• Dataset extract
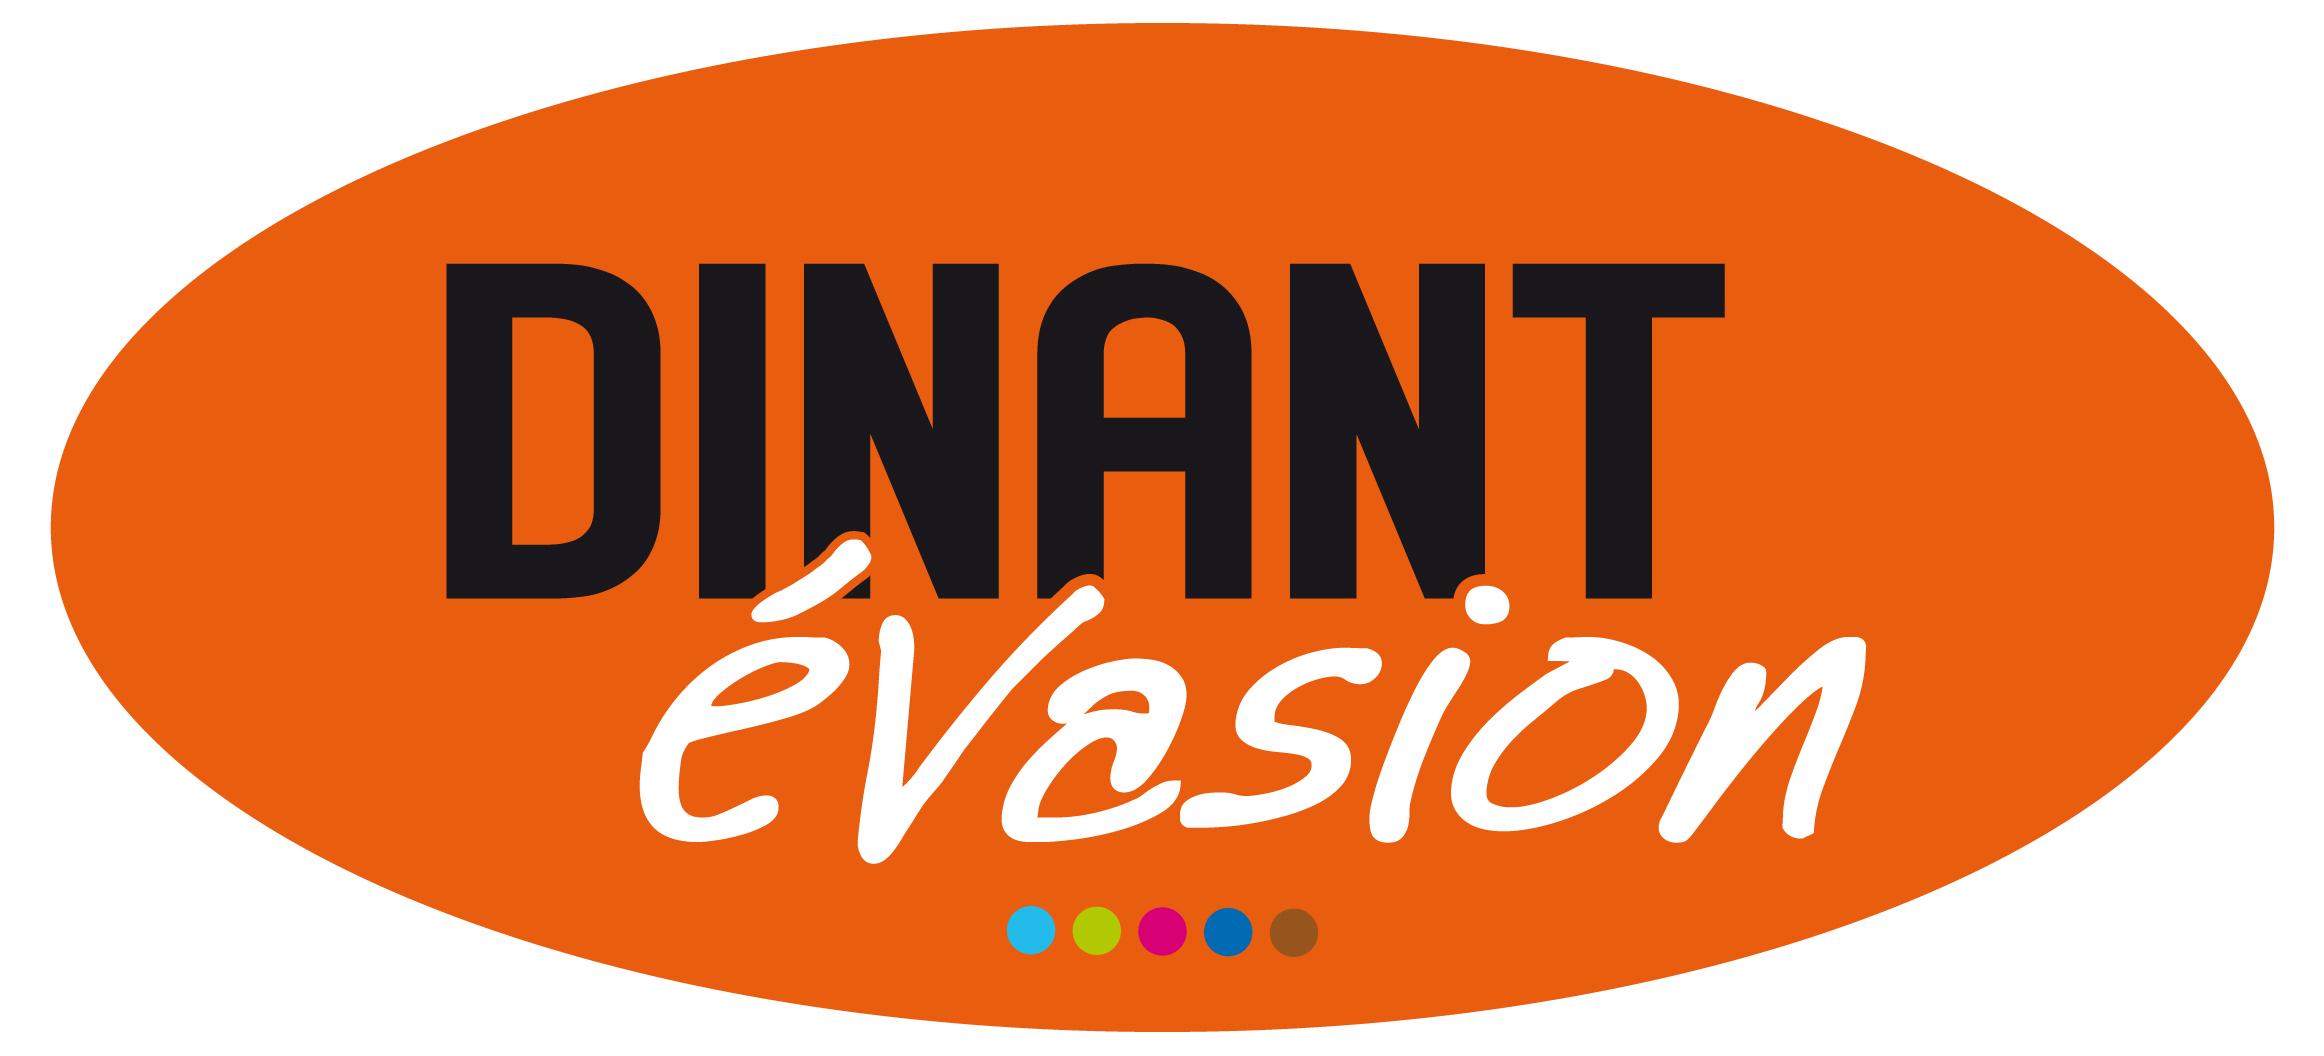 Dinant Evasion - Rondvaarten op de Maas
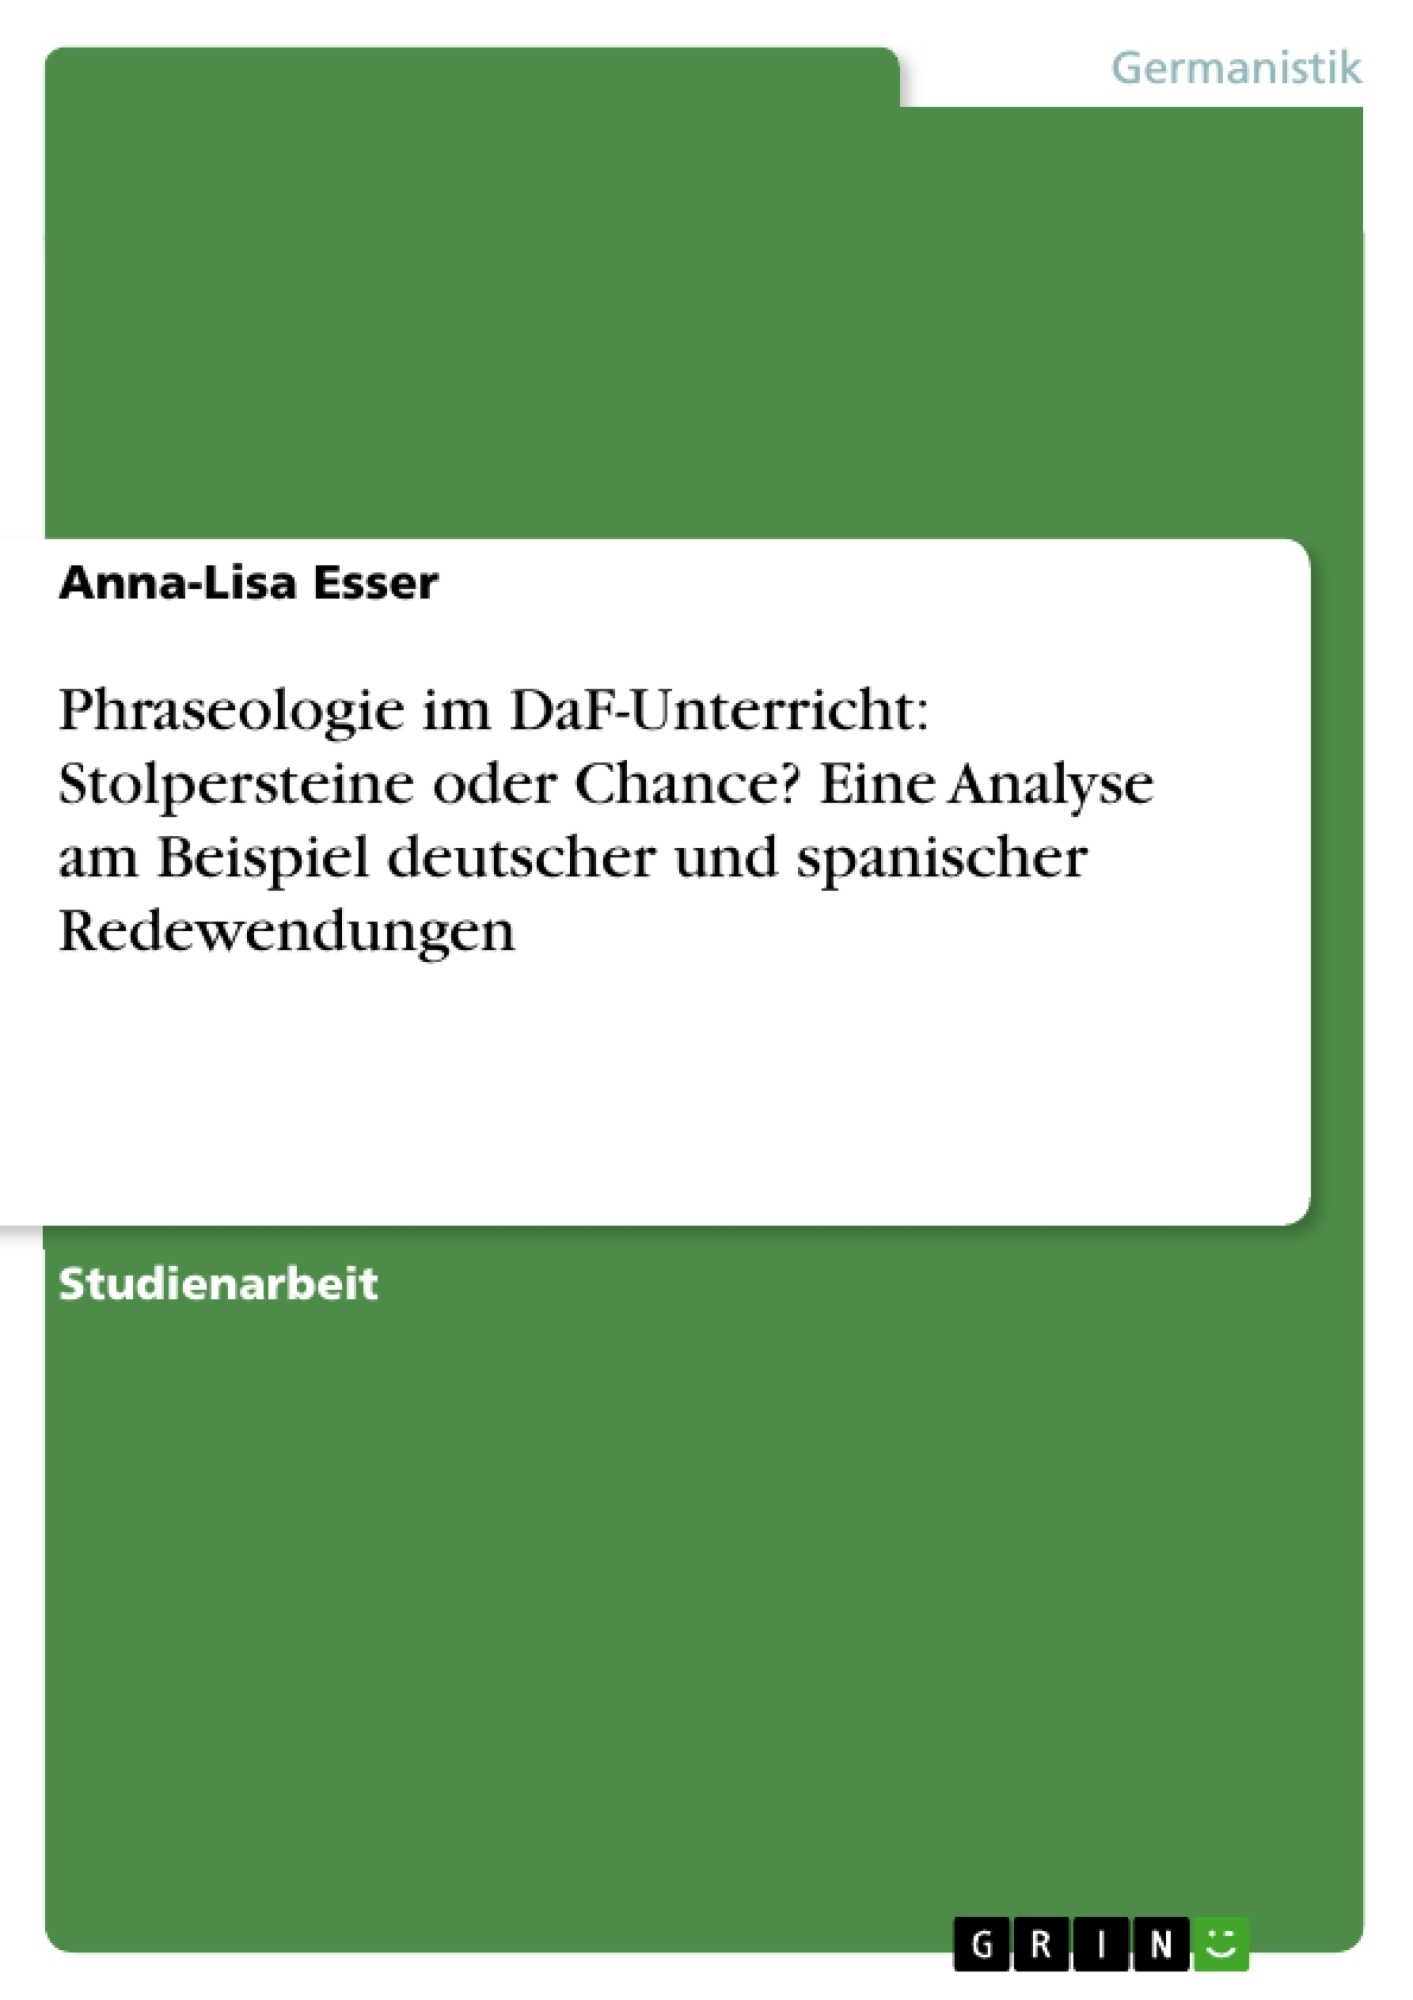 Titel: Phraseologie im DaF-Unterricht: Stolpersteine oder Chance? Eine Analyse am Beispiel deutscher und spanischer Redewendungen
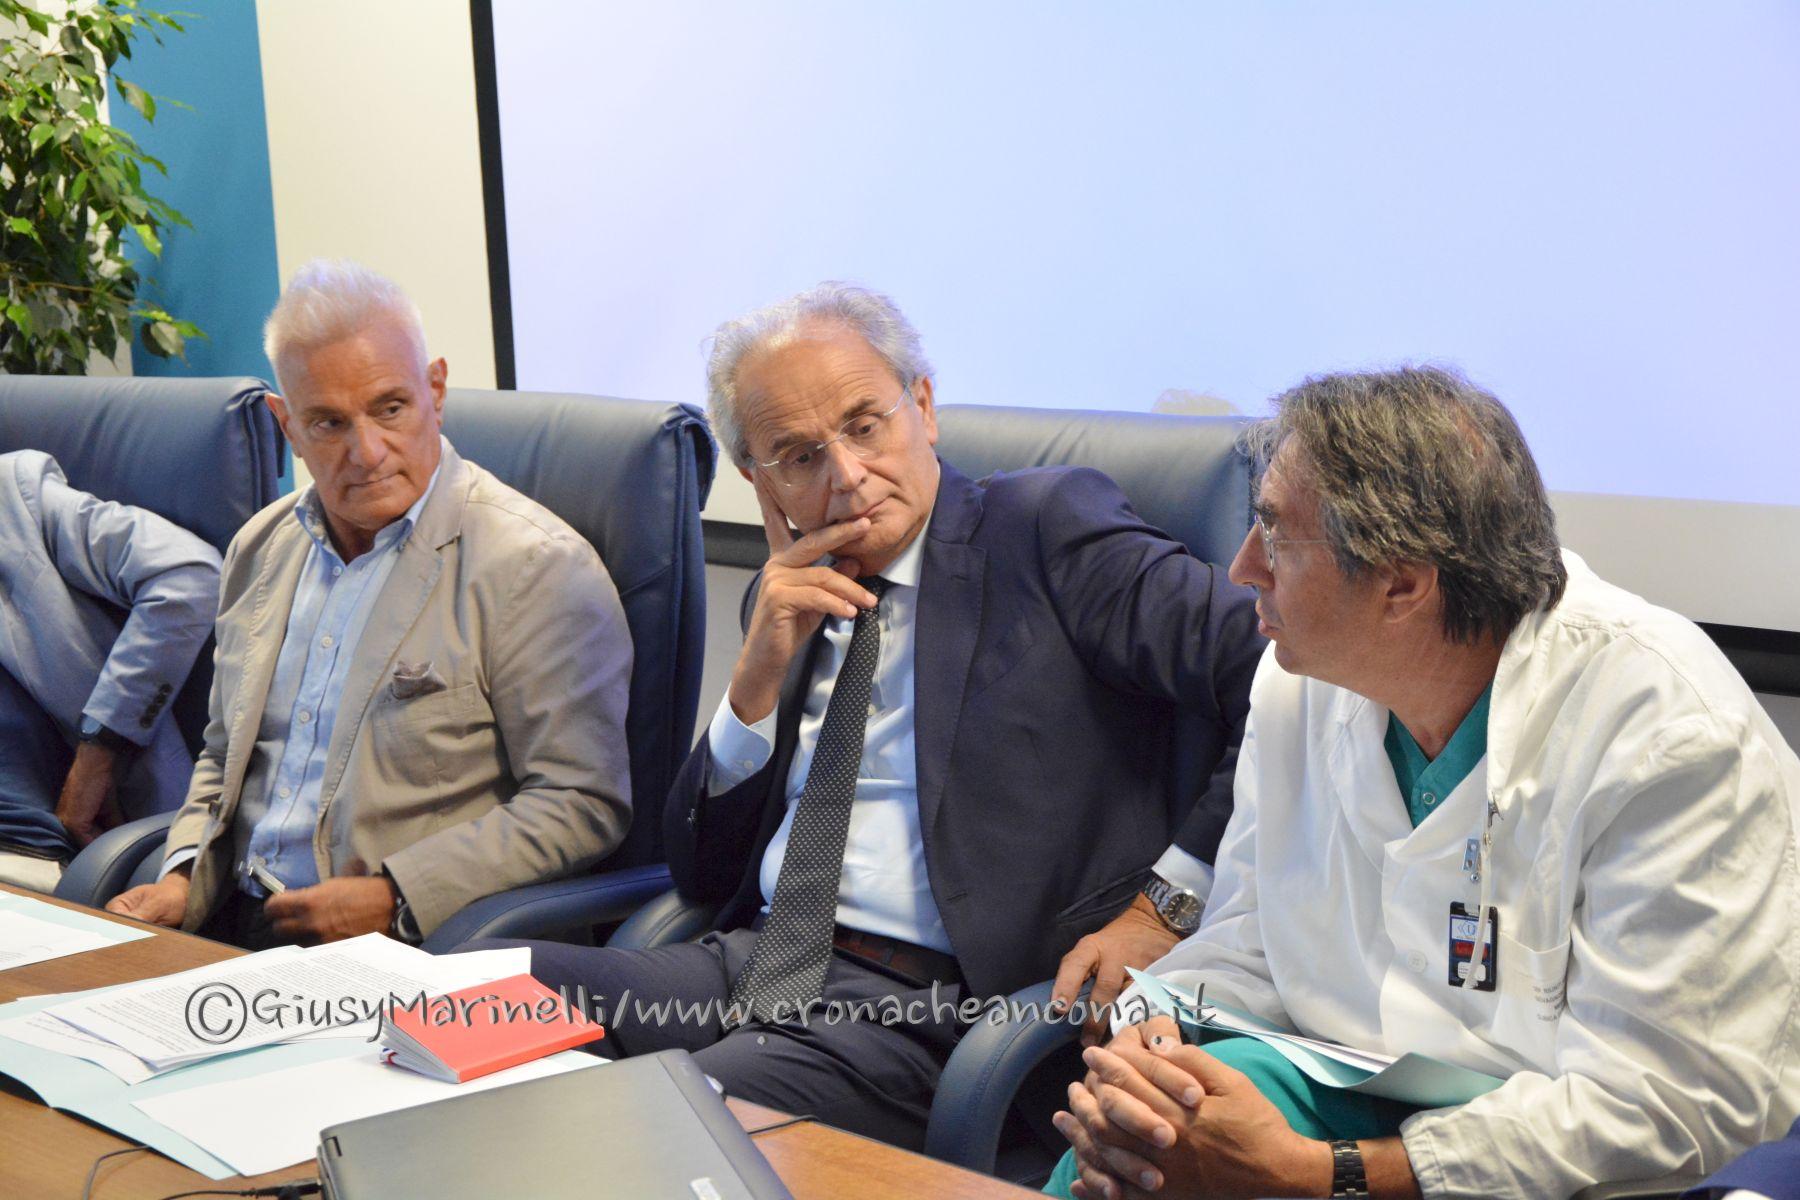 Ospedale_Torrette-dati-primari-DSC_0211-Caporossi-Longhi-Giovagnoni

• Aim of the task
Leave out the pictures and repeat the remaining data exactly.

• Solution to this problem
 Dinant Evasion - Rondvaarten op de Maas
 Titel: Phraseologie im DaF-Unterricht: Stolpersteine oder Chance? Eine Analyse am Beispiel deutscher und spanischer Redewendungen
 Ospedale_Torrette-dati-primari-DSC_0211-Caporossi-Longhi-Giovagnoni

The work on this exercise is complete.